**GIVEN DATA**

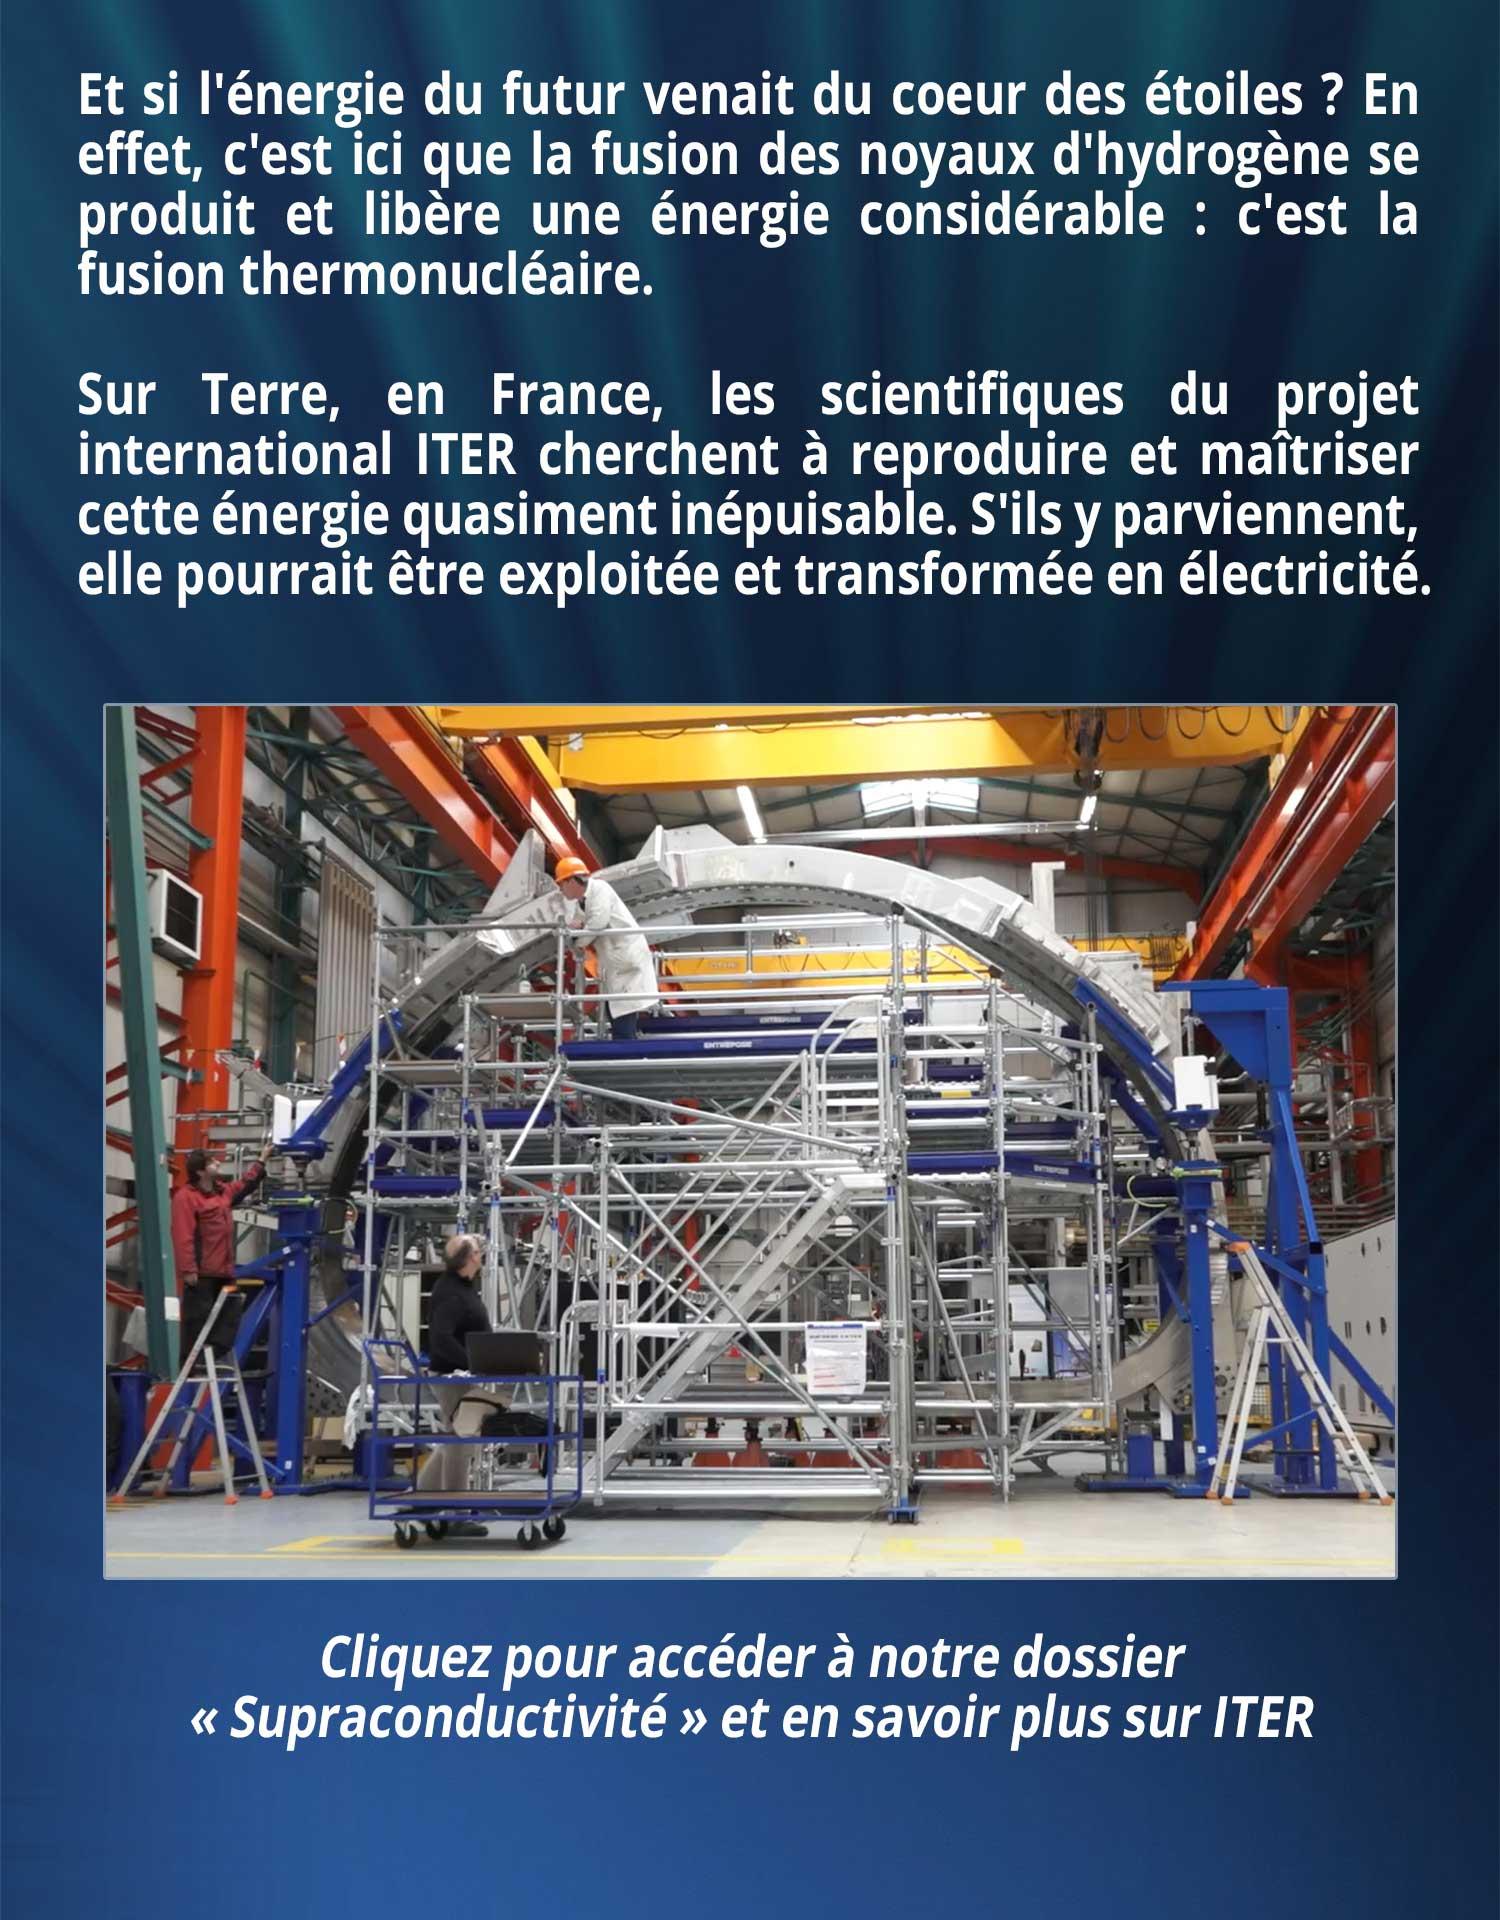 Et si l'énergie du futur venait du coeur des étoiles ? En effet, c'est ici que la fusion des noyaux d'hydrogène se produit et libère une énergie considérable : c'est la fusion thermonucléaire. Sur Terre, en France, les scientifiques du projet international ITER cherchent à reproduire et maîtriser cette énergie quasiment inépuisable. S'ils y parviennent, elle pourrait être exploitée et transformée en électricité.
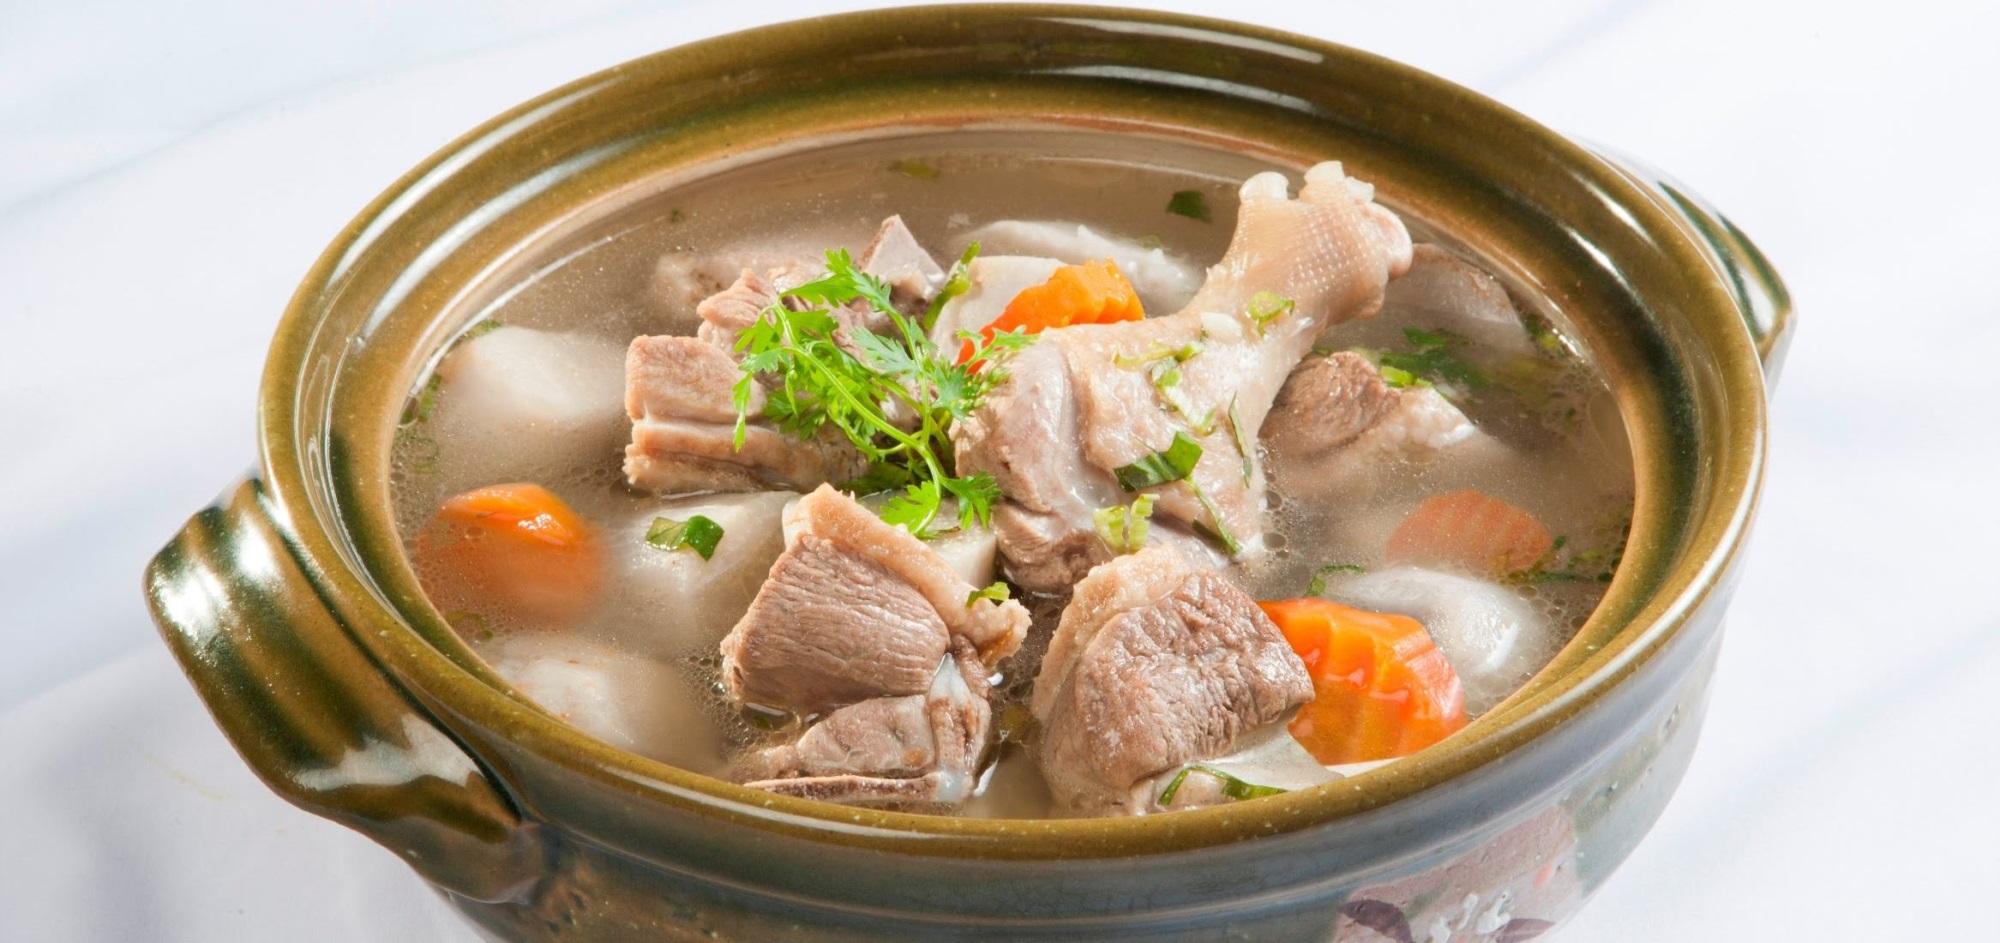 Giới thiệu các món ngon từ thịt vịt có tác dụng đẩy lùi yếu sinh lý ở nam giới - Ảnh 3
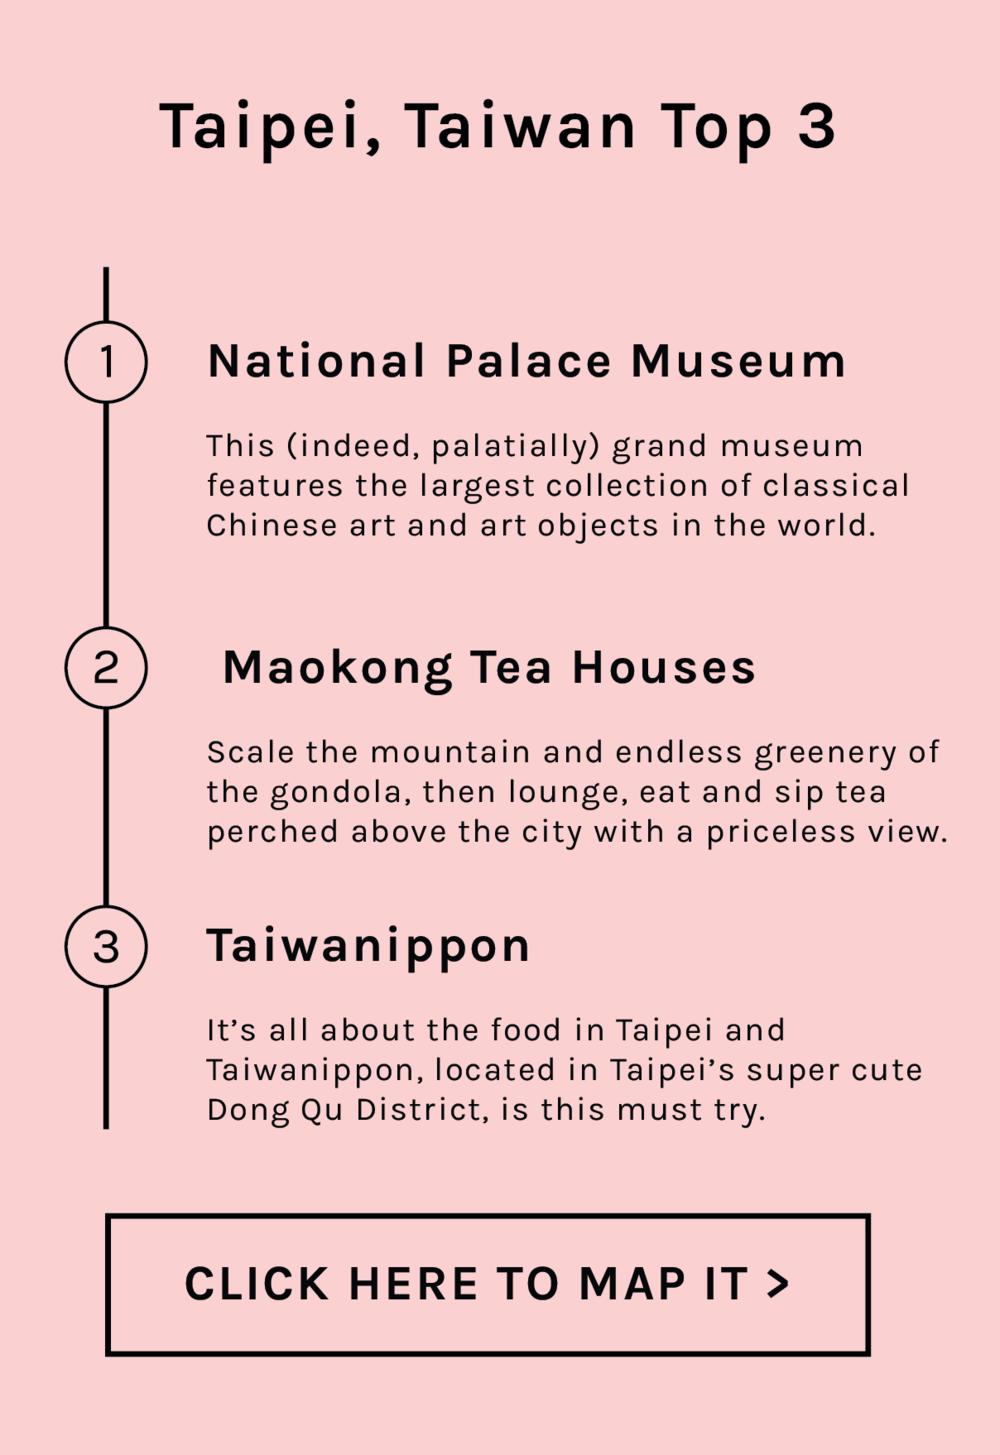 LSG-Taipei-Taiwan-Top-3
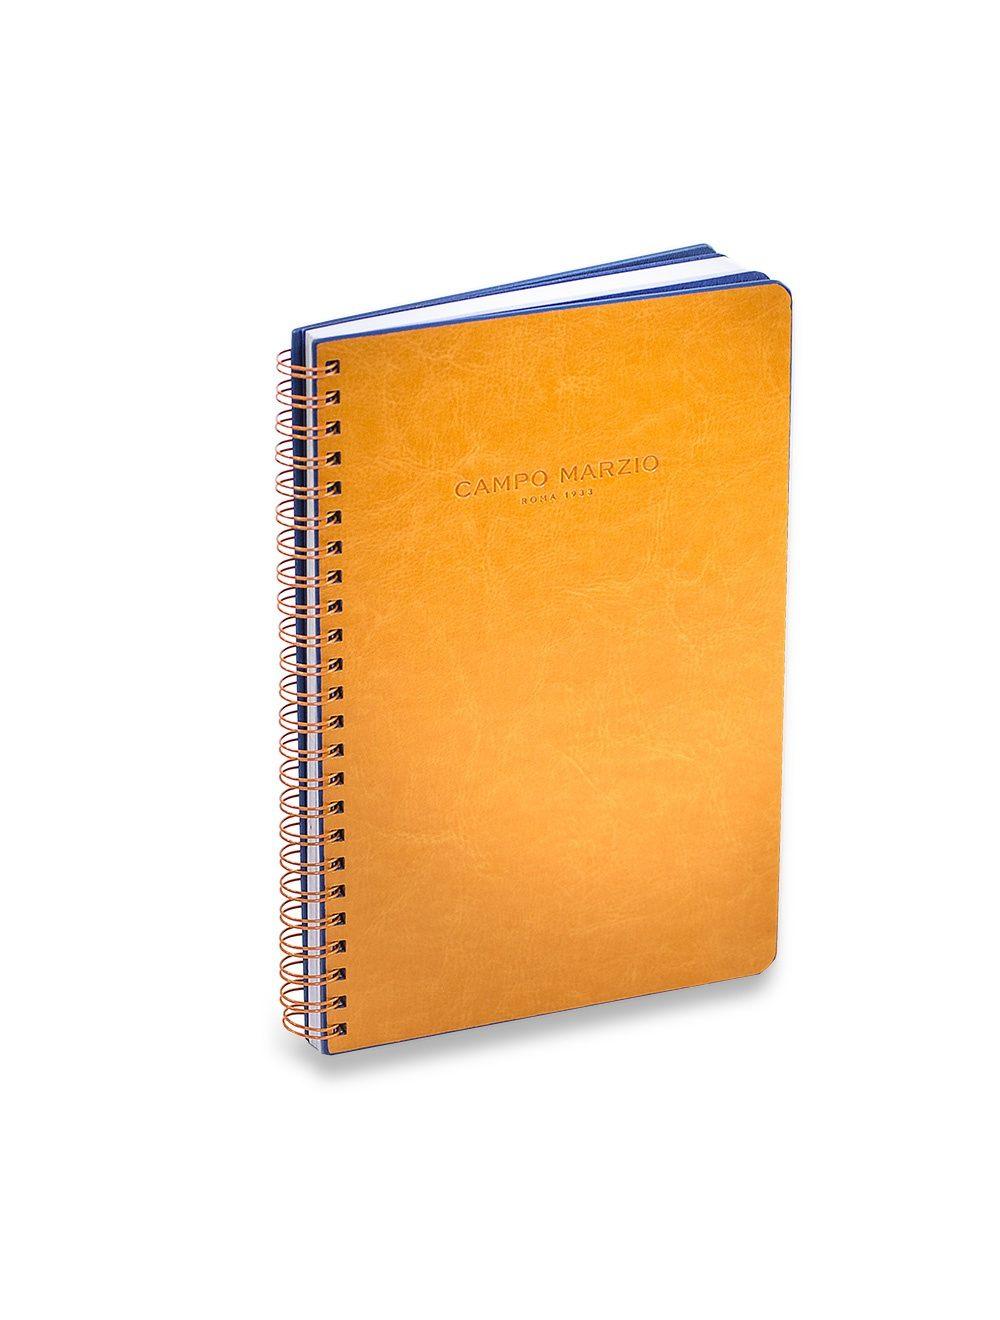 Spiral Bound Notes A4 - Mandarin

**YOUR TASK**
Apart from the images, every line above needs to be printed again exactly.

**SOLUTION FOR THIS EXERCISE**
 Et si l'énergie du futur venait du coeur des étoiles ? En effet, c'est ici que la fusion des noyaux d'hydrogène se produit et libère une énergie considérable : c'est la fusion thermonucléaire. Sur Terre, en France, les scientifiques du projet international ITER cherchent à reproduire et maîtriser cette énergie quasiment inépuisable. S'ils y parviennent, elle pourrait être exploitée et transformée en électricité.
 Giới thiệu các món ngon từ thịt vịt có tác dụng đẩy lùi yếu sinh lý ở nam giới - Ảnh 3
 LSG-Taipei-Taiwan-Top-3
 Spiral Bound Notes A4 - Mandarin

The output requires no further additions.